Il n’y a pas de sot métier, mais ils n’ont pas tous la même valeur aux yeux de la société ; certains sont considérés comme essentiels alors que d’autres sont en voie d’être effectués par des robots. N’empêche, il y a une job qui demande des skills biens précis qu’aucun tas de férial à circuits intégrés ne pourrait exécuter : le transport d’êtres humains. On ne parle pas ici de conduire un autobus ou un taxi, mais plutôt un véhicule personnel avec mission d’amener un colis précieux à bon port. Est-ce légal… probablement pas. Ça prend tout de même des gens pour naviguer les zones grises et les dédales administratifs afin d’apporter de l’aide à ceux à court de moyens comme dans Débarqués.
Ce n’est pas de grandeur d’âme que Gil va jusque dans le fin fond des bois avec deux handicapés : un quadriplégique et un trisomique. Il y a de l’argent à faire avec le malheur des autres. En revanche, il n’est pas un rapace qui s’en met plein les poches en se foutant éperdument des droits et de la dignité de ses passagers. Ces pauvres bougres n’ont plus de foyer ; ils sont abandonnés à leur sort. Ce n’est pas facile de s’occuper de personnes vulnérables qui dépendent d’autrui pour subvenir à leurs besoins. C’est un choix déchirant — dans la plupart des cas — de s’en départir, mais la vie est parfois mal faite. Il doit donc les amener à leur dernière demeure. Non, il ne s’agit pas de les abattre derrière la grange comme des animaux malades, mais plutôt de les débarquer sur une île où se trouve une clinique « off the grid » où ils seront pris en main…du moins, on l’espère.
« Je vais crevez vous comprenez ? Et je veux pas que mon Winston finisse tout seul dans un de ces centres où on est moins bien traité qu’à la SPCA !!! »
Il faut être fait fort. e pour accepter un tel contrat sans broncher. Ça prend surtout une bonne dose d’humanité et de compassion.
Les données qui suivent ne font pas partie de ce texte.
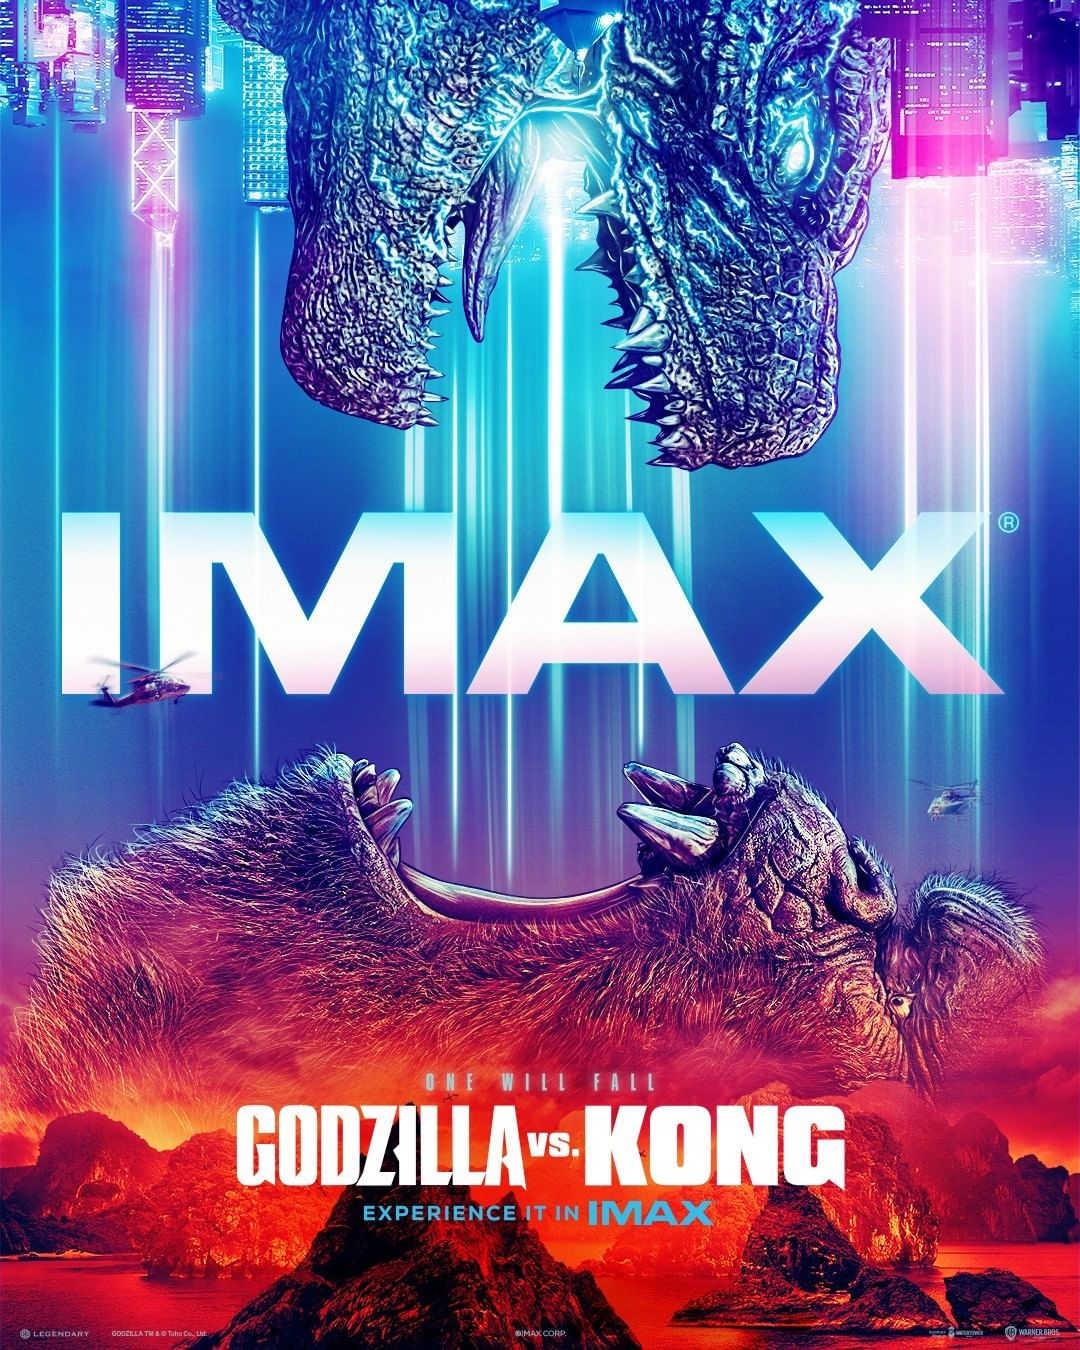 Godzilla Vs. Kong IMAX poster

Par contre, Jean-Fran, le helper engagé par Gil en manque cruellement et risque de faire foirer le plan réglé au quart de tour avec son attitude de marde. Cela finira par leur coûter bien plus qu’une liasse de billets en petites coupures. Il ne faut pas oublier qu’il y a des vies en jeu. Ils sont tous dans le même bateau qui pourrait chavirer d’un moment à l’autre. Il s’agit de ne pas trop faire de vagues et de go with the flow ou comme dirait Coco « c’est pa’ti mon kiki. »
Débarqués c’est avant tout un road trip qui aurait pu être un road movie dans la façon dont il a été scénarisé (André Marois) et mis en image (Michel Hellman.) Le noir et blanc se prête bien au silence du long trajet parsemé de bribes de conversations à travers cette contrée sauvage. En plus d’offrir une trame narrative des plus divertissante, on se prend à réfléchir au sort des laissés-pour-compte et sur notre devoir collectif de les protéger.